Ну, а режиссер в таком театре, каким он должен быть? От него ждут смелых экспериментов, неожиданных скандалов, сенсационных «открытий». Этого ждут те, кто наблюдает за жизнью данного театра, ждут и внутри театра, ведь скандальный театр привлекает публику. Но я был готов всех разочаровать. Когда-то давно в газете «Вечерний Ленинград» за 8 июня 1946 года Сергей Сергеевич Прокофьев похвалил мою режиссуру. Речь шла о постановке мною оперы «Война и мир», первым постановщиком которой в Ленинградском Малом оперном театре я являлся. Хотя я и был молод, критические зерна великого композитора упали на благодатную, а точнее, благородную почву. С тех пор мое кредо было определено и путь найден. Итак, что же главное увидел в моей работе Прокофьев? Во-первых, точную режиссуру, лишенную нарочитых сценических эффектов; во-вторых, скупое, но выразительное подчеркивание развития сценического действия. Это определило мой вкус и мою режиссерскую манеру. Это я мог, этого хотел. Этими качествами отличались мои спектакли, поставленные еще в Горьком. Этим принципам я был

верен, ставя оперы за рубежом. Они, я думаю, отличали мои спектакли в Большом театре. Их я приложил к созданию нового театра, хотя для него это были уже не принципы, а природа созидания.

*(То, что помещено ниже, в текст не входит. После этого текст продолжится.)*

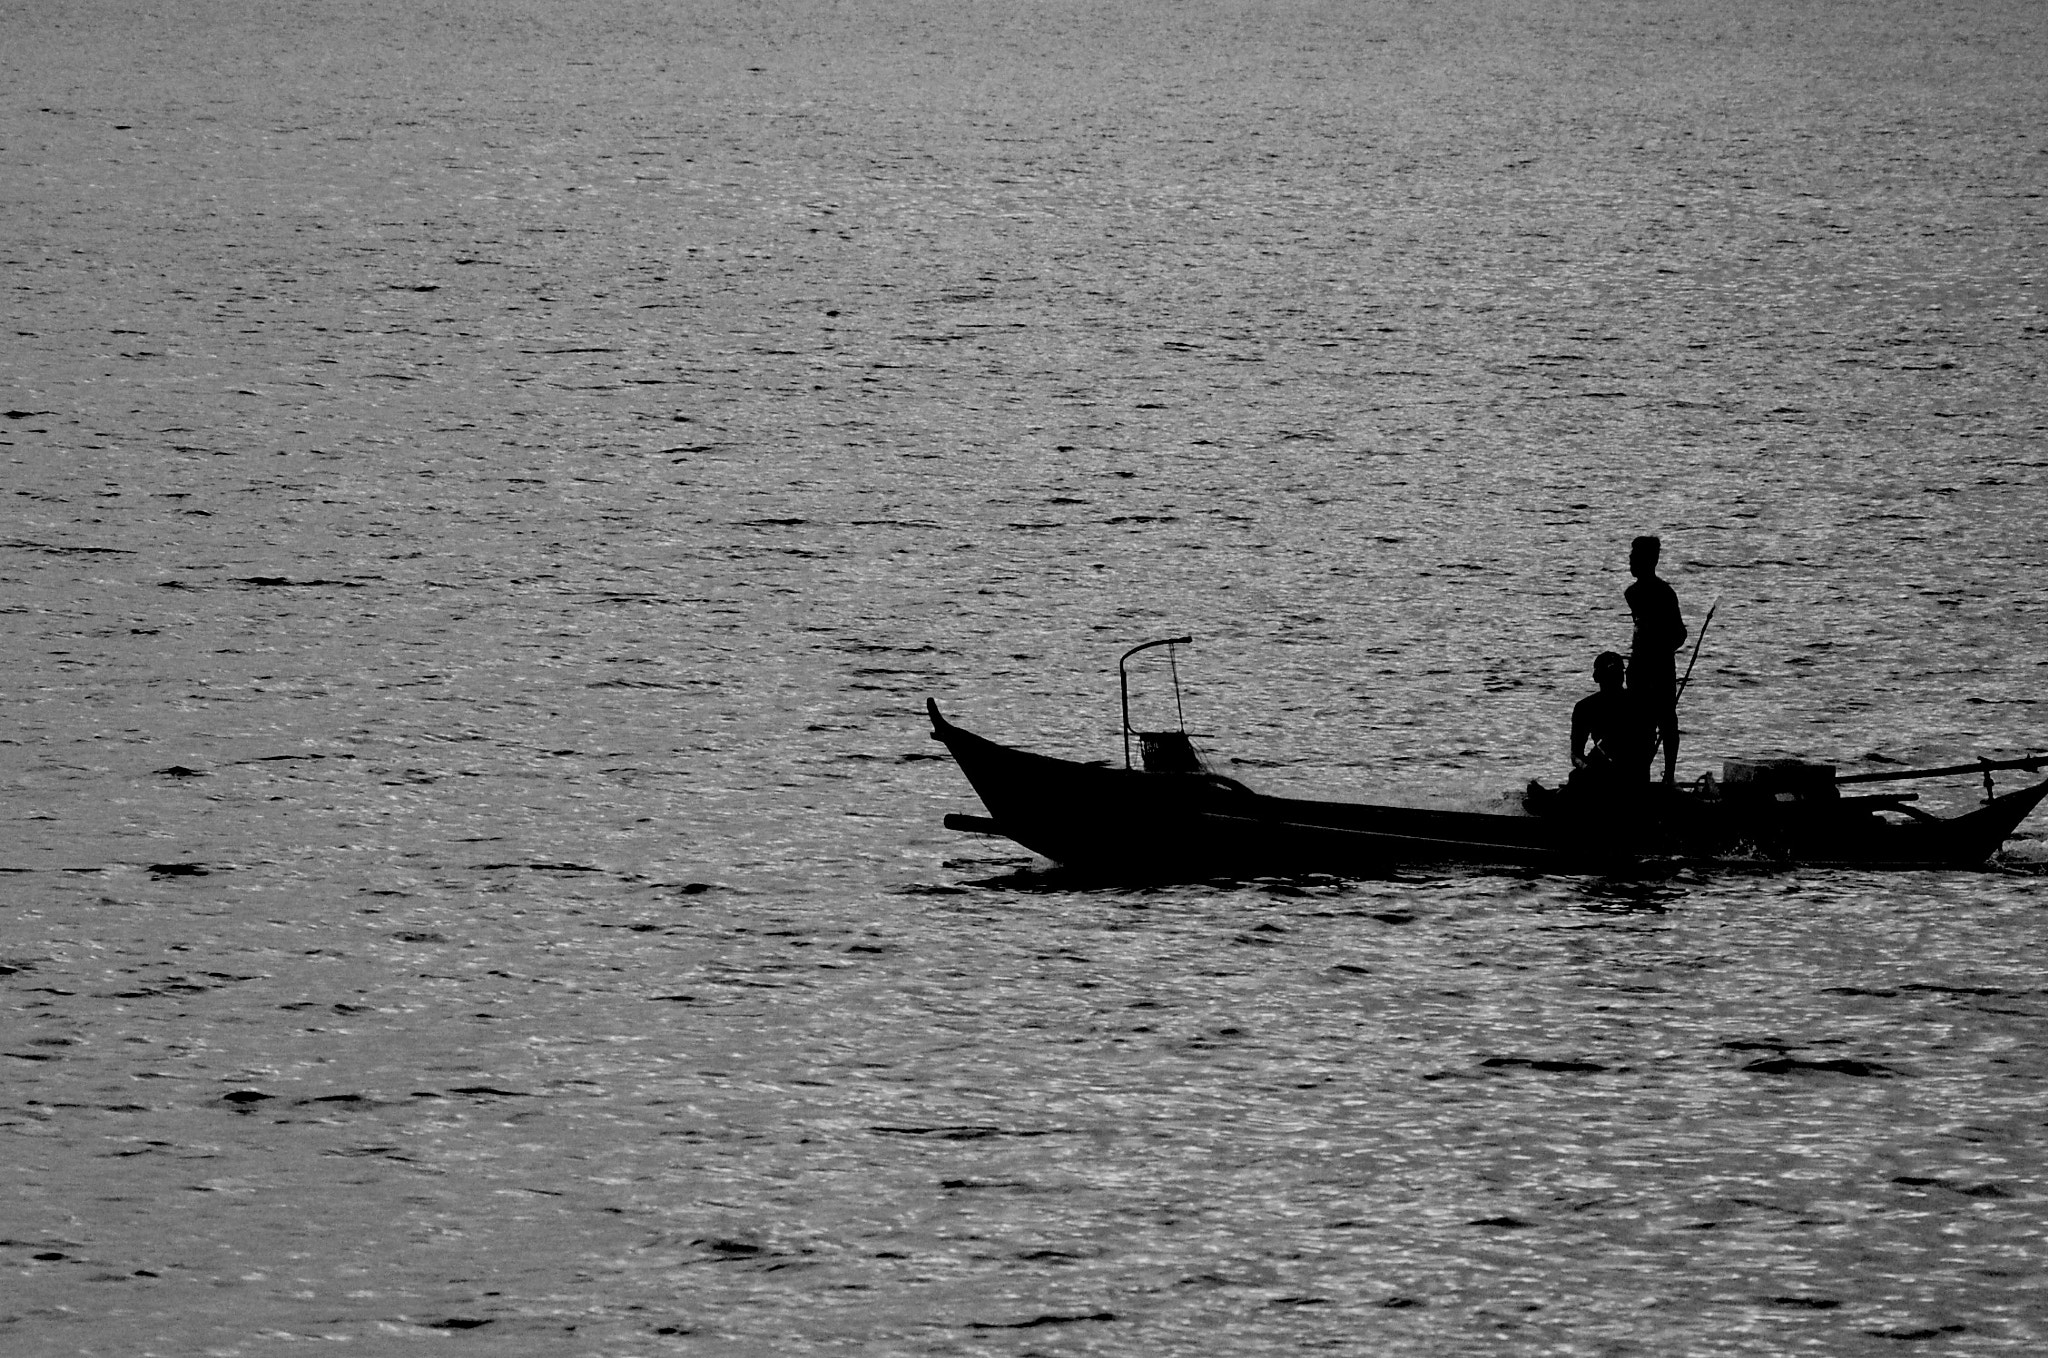 Nikon D50 + AF Zoom-Nikkor 70-300mm f/4-5.6D ED sample photo. Fishermen's silhouette photography
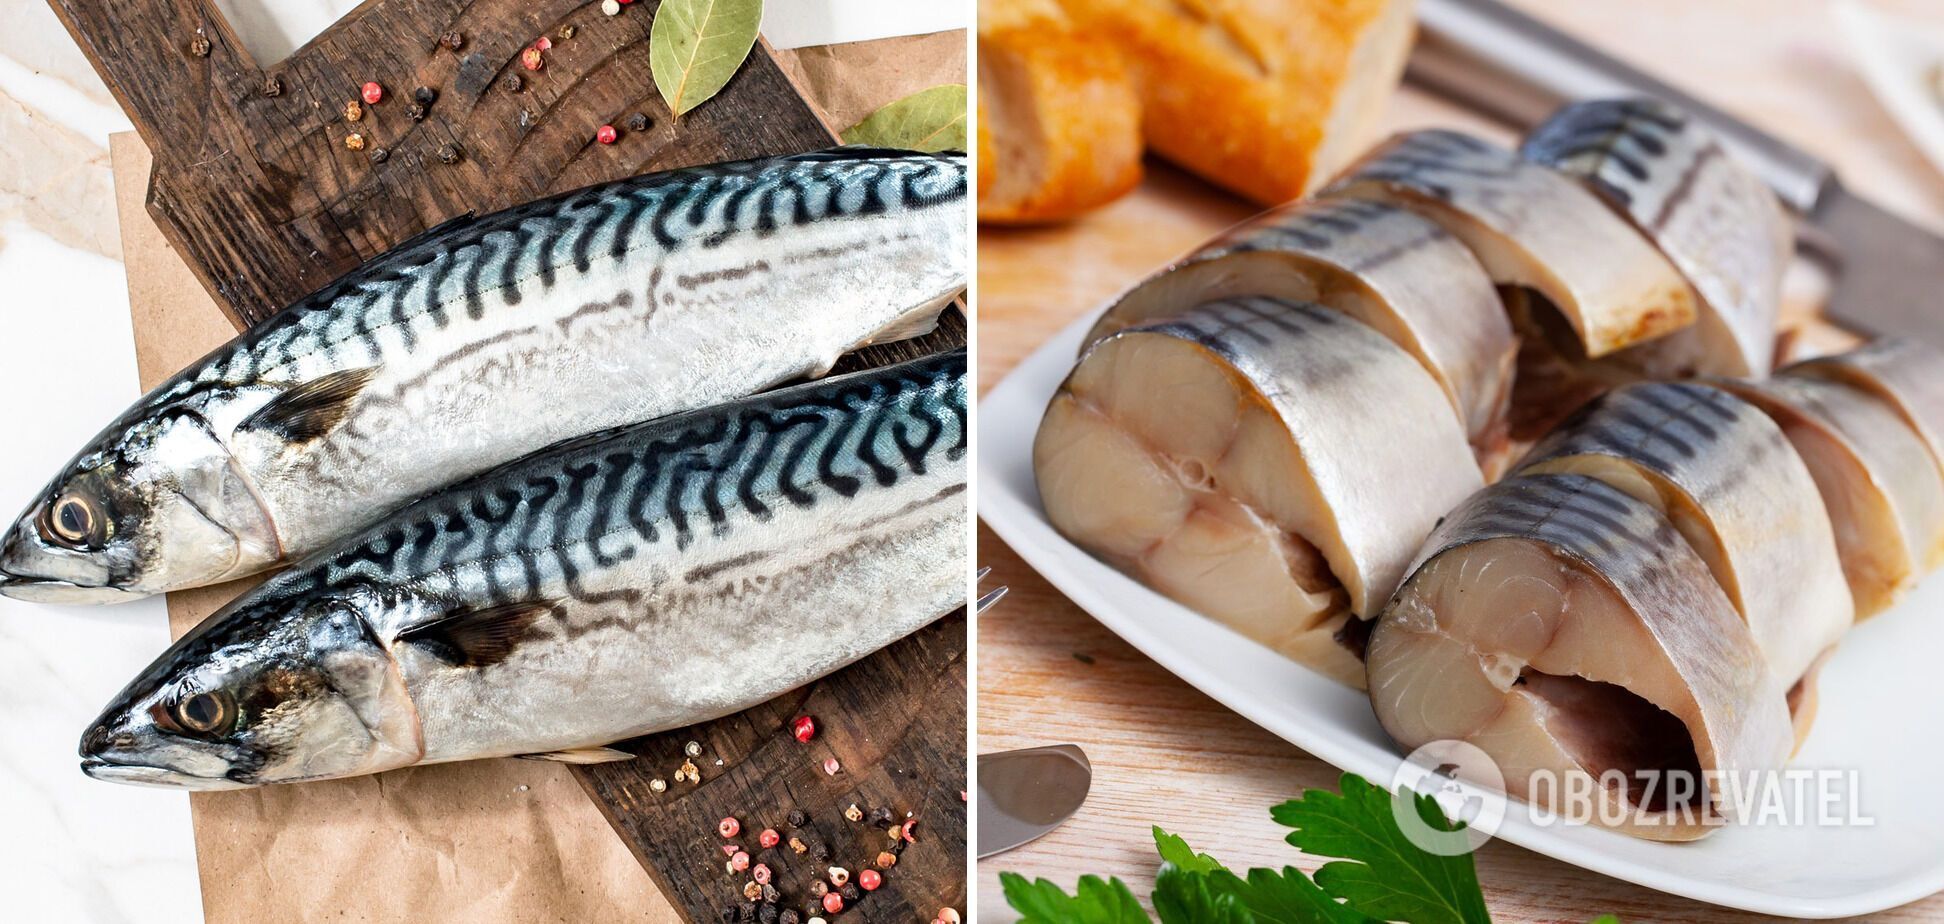 How to marinate mackerel deliciously

Лицо театра состоит из репертуара и из способа его представления на сцене. Я ориентировался не на классику, а на малоизвестные произведения, надеясь этим вызвать интерес публики. Мы репетировали первые опыты молодого Десятникова, Польчуна, Холминова, Ганелина, Таривердиева, Седельникова… Потом появились Шнитке, Эдисон Денисов. А рядом были Стравинский, Шостакович, Моцарт, Глюк, Бах… Театр быстро доказал, что классика вечно современна. А когда мы с профессором Левашевым открыли и показали миру «Ростовское действо» («Комедия на Рождество Христово») святого православной церкви митрополита Ростовского (Туптало), нам всем стало ясно, что наши возможности и наше богатство безграничны. Вряд ли кто мог в то время в мире противопоставить нашему репертуару что-либо более всеохватывающее. В нем естественно переплелись забытые оперы XVIII века с «сиюминутной» современностью; неизвестные даже знатокам названия прекрасно уживались с популярной классикой. Что же все это объединяло? Единство театральных принципов. Глюк, Туптало, Легар с его «Веселой вдовой» — все породнилось под влиянием единого принципа театра. Театра! У каждого музыкально-драматического произведения есть свой закон существования, познать его может только театр и представить, то есть расшифровать действием, может только театр. Только театр, вмещающий союз драматургии и музыки, может разгадать, познать и представить оперу. Сам театр — это живой организм, подобно Венере рожденный из пены музыкального образа. Этот организм существует, действует по законам Россини, Мусоргского, Кальмана, Моцарта, Стравинского, Глюка… А актер законопослушен и поэтому неоспорим и вечен.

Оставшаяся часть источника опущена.